Beginning with the line that holds "OV1253 Eyeglasses Silver" and finishing with the line that holds "compraventa. Esta garantía", repeat the listing exactly, leaving every picture out.

● EXERCISE MATERIALS

= = = = = = =

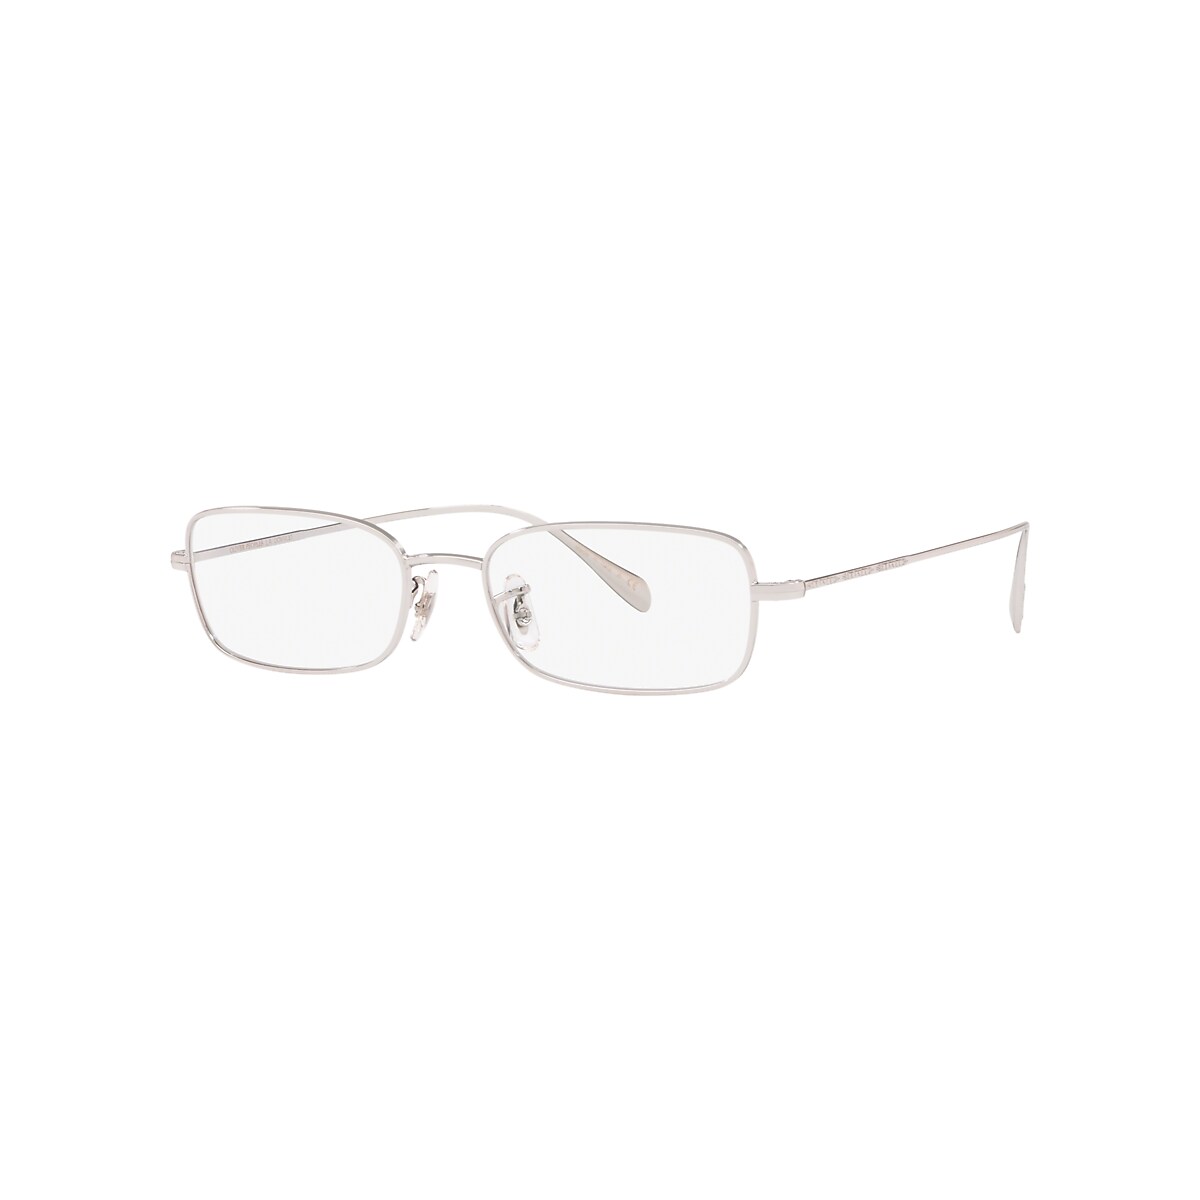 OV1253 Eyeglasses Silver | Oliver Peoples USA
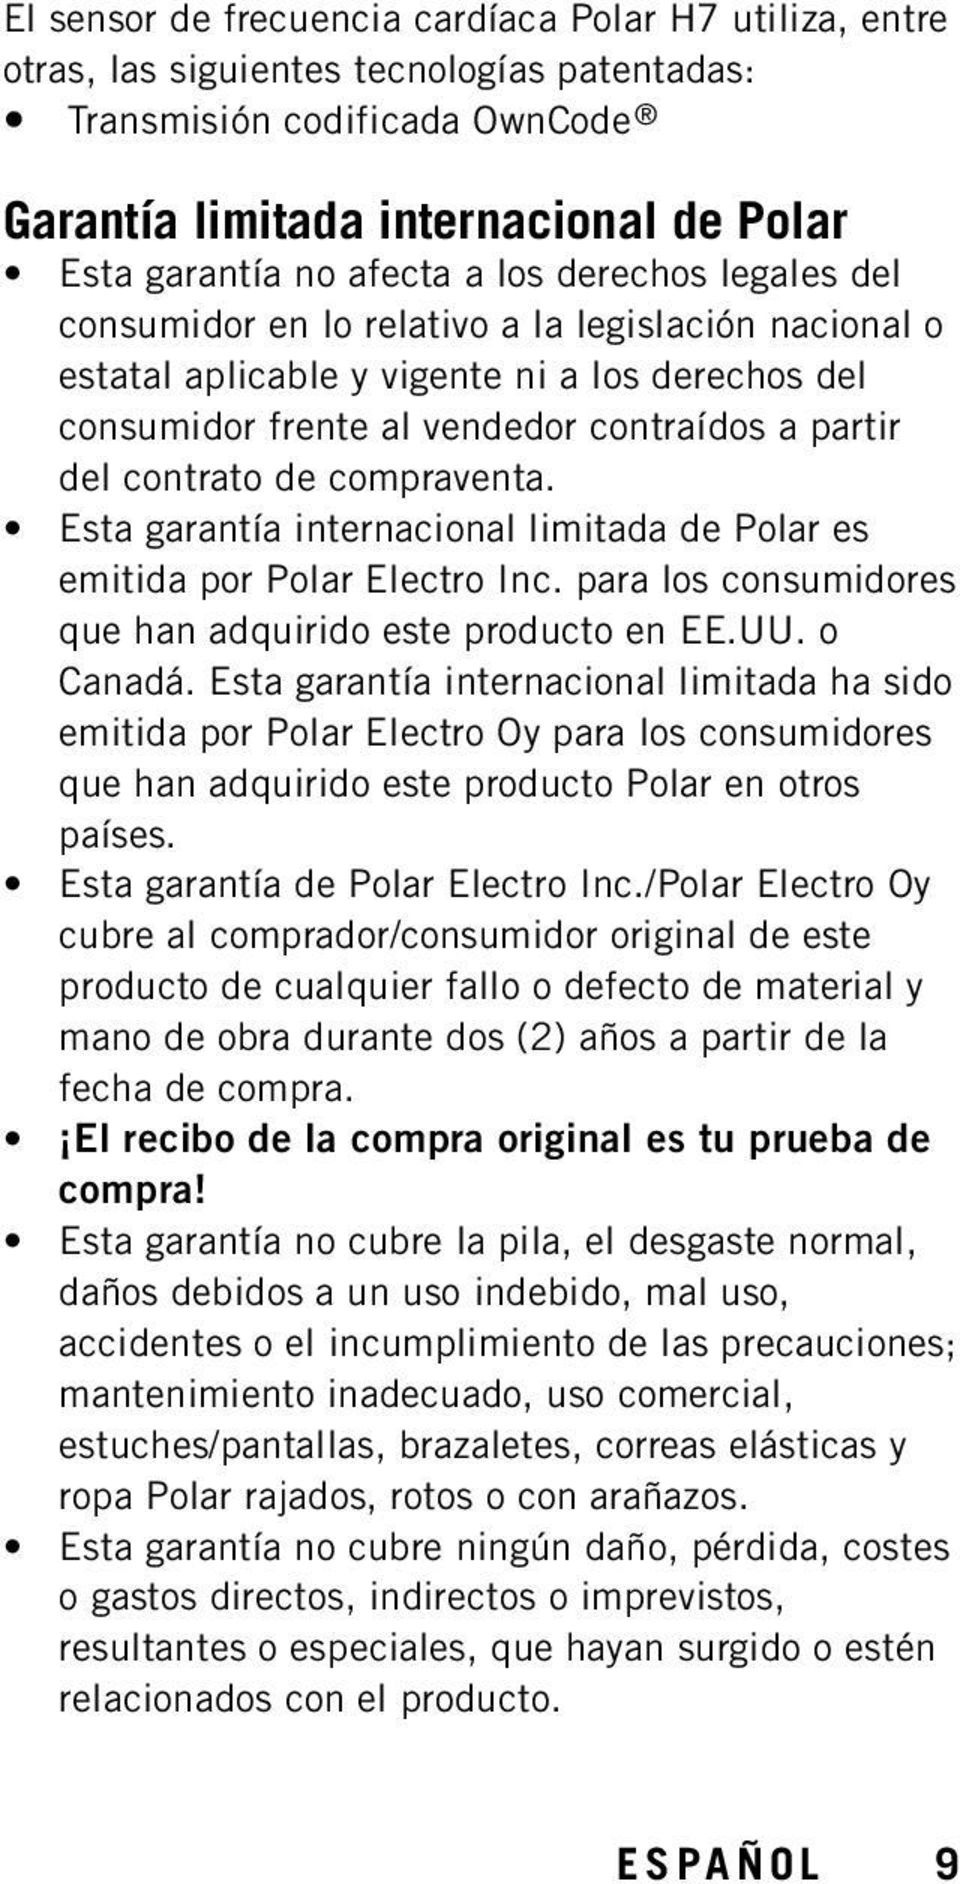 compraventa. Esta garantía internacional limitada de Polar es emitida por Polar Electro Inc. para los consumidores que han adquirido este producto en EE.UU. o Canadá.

= = = = = = =

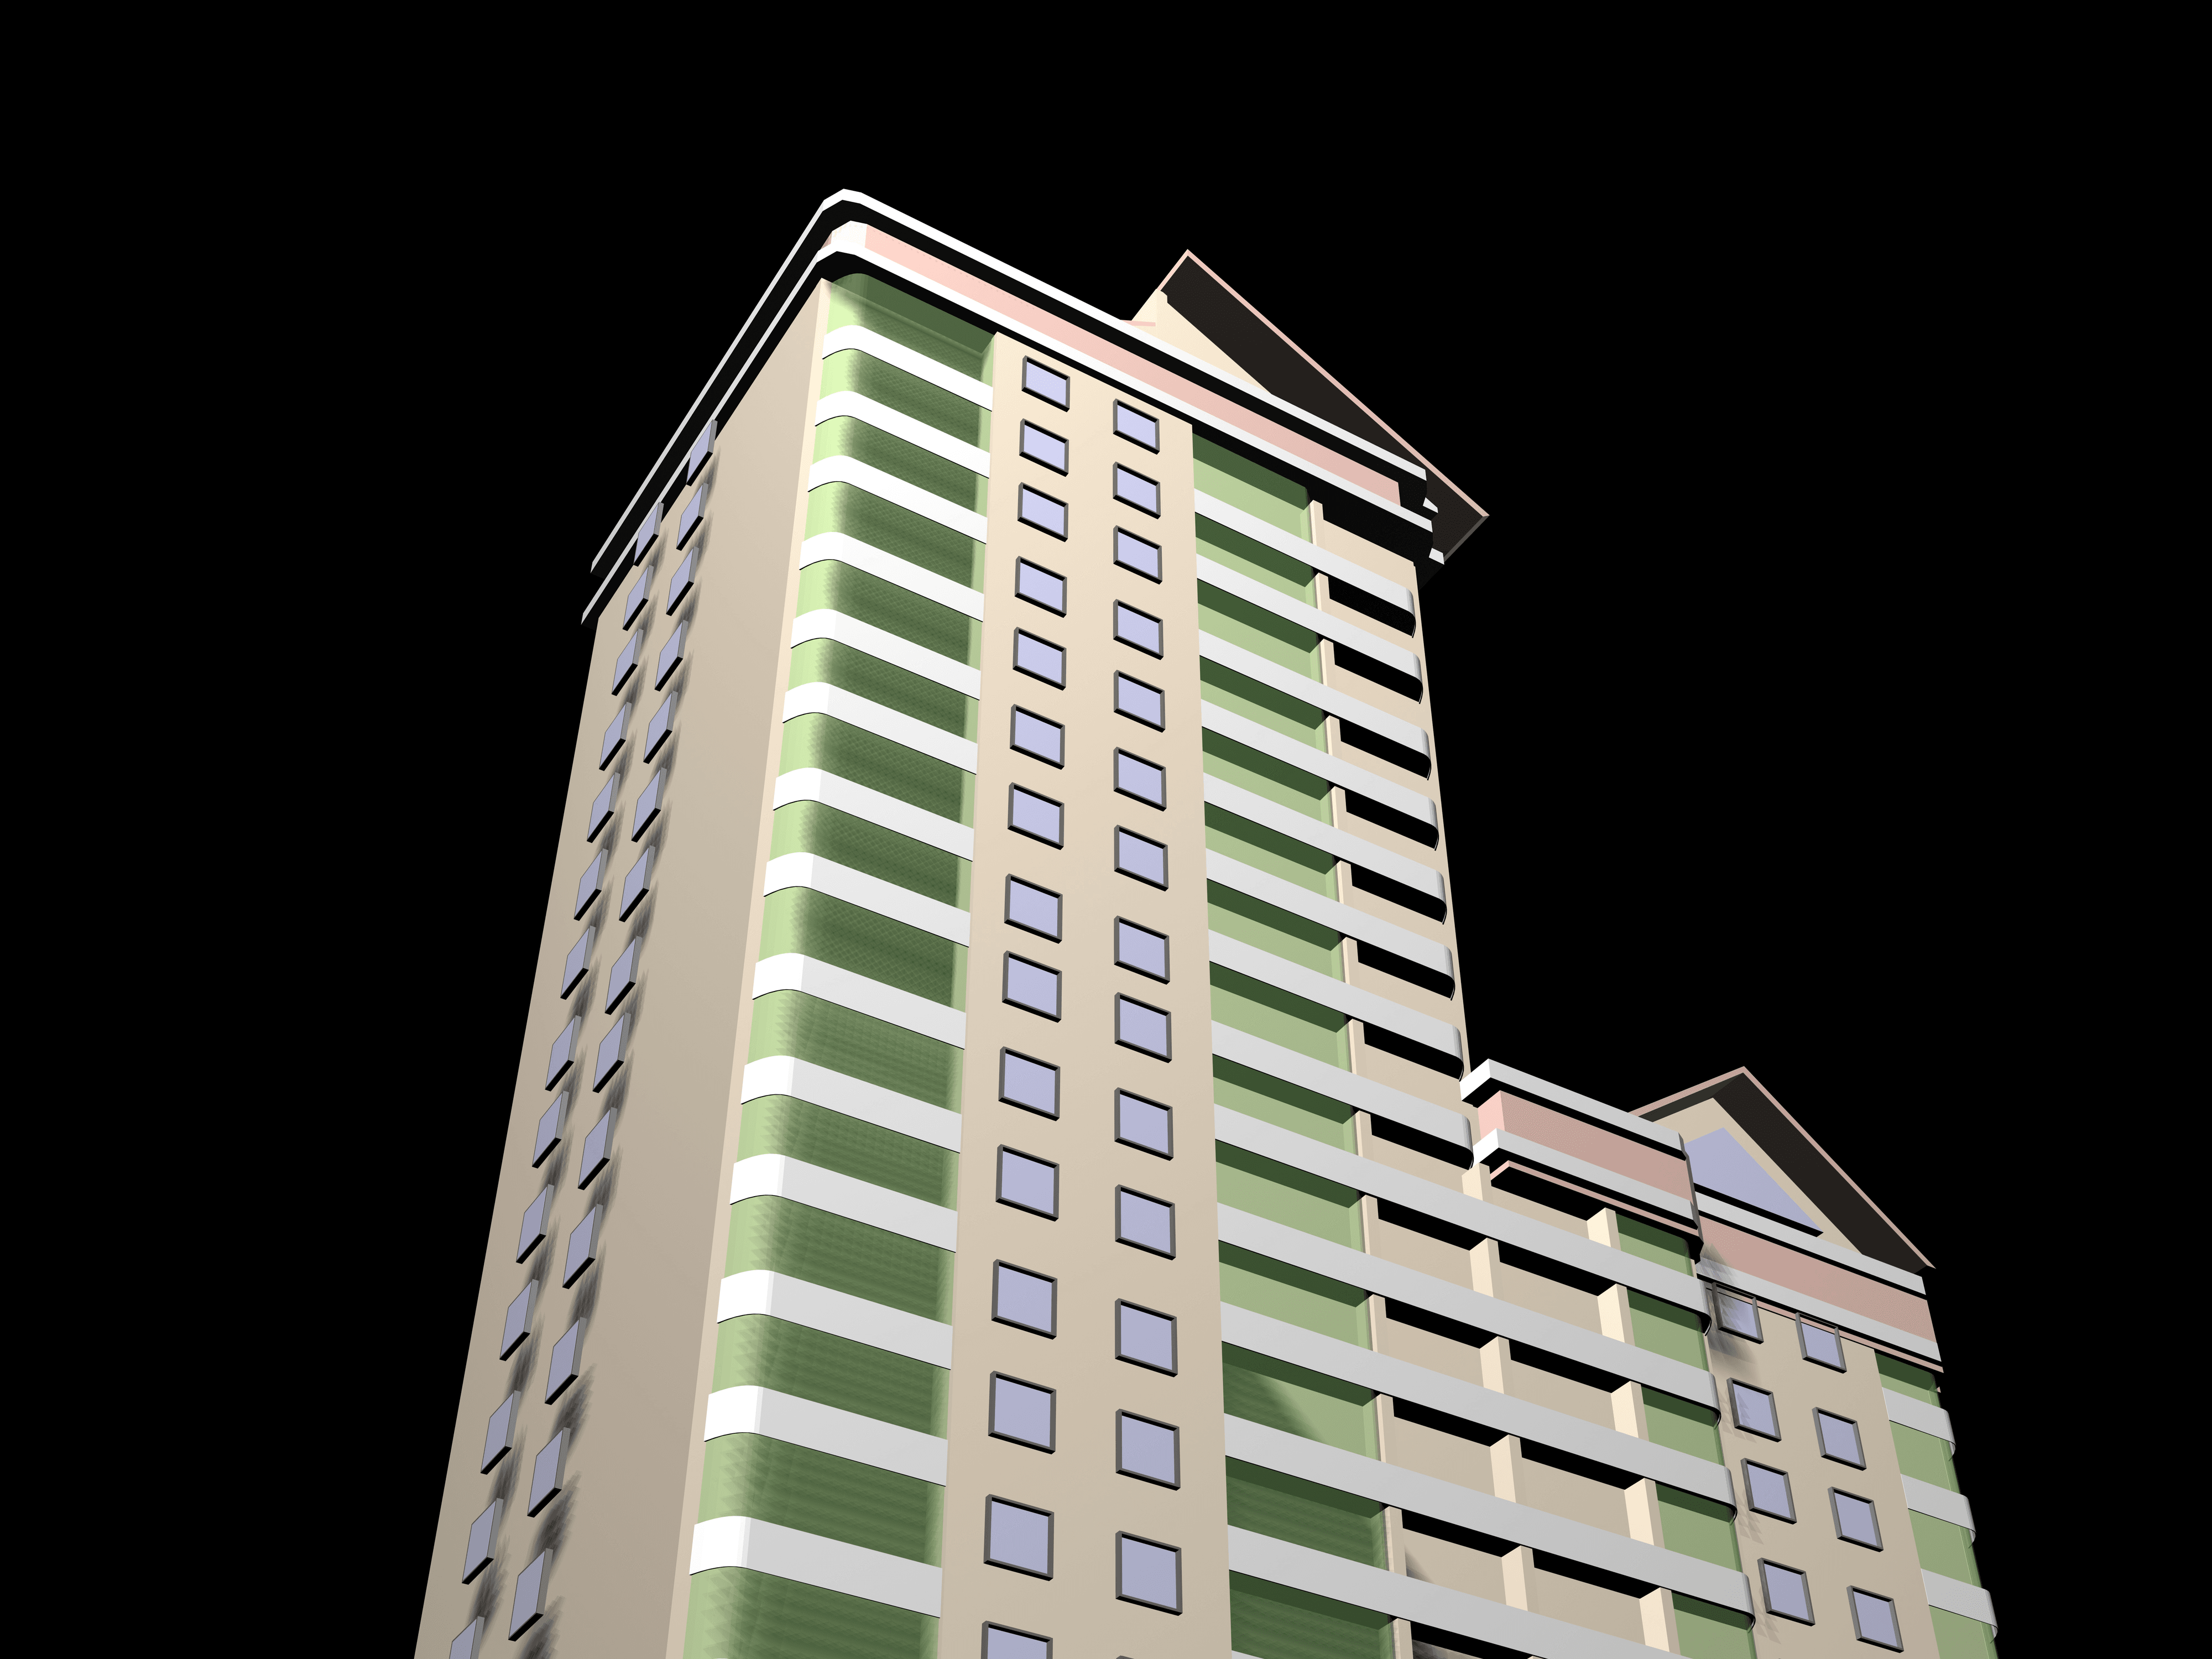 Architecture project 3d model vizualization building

= = = = = = =

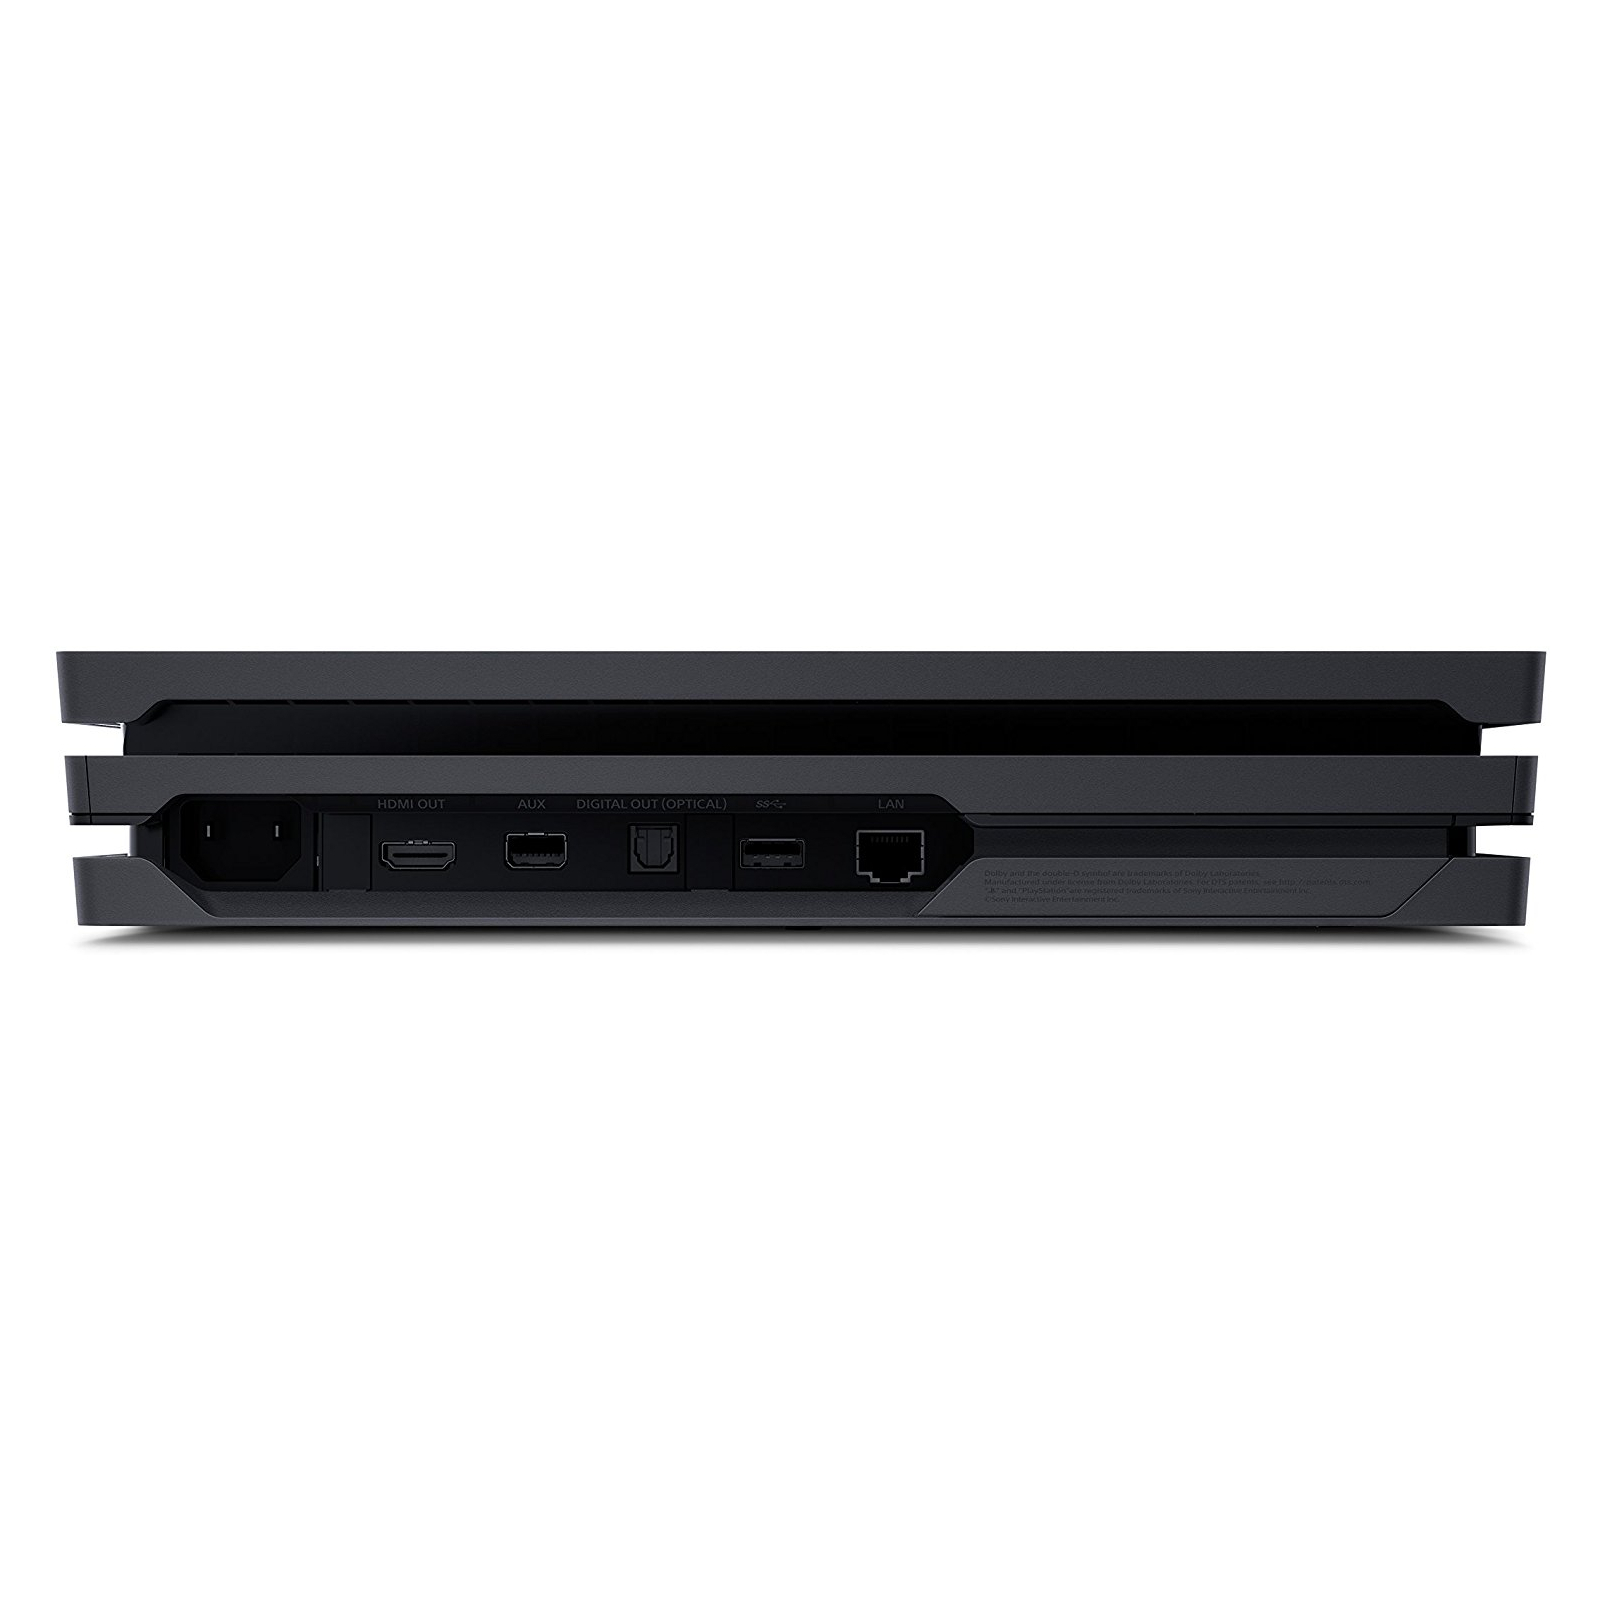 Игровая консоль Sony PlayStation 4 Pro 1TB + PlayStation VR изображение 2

= = = = = = =

● SOLUTION FOR THIS EXERCISE
 OV1253 Eyeglasses Silver | Oliver Peoples USA
 compraventa. Esta garantía internacional limitada de Polar es emitida por Polar Electro Inc. para los consumidores que han adquirido este producto en EE.UU. o Canadá.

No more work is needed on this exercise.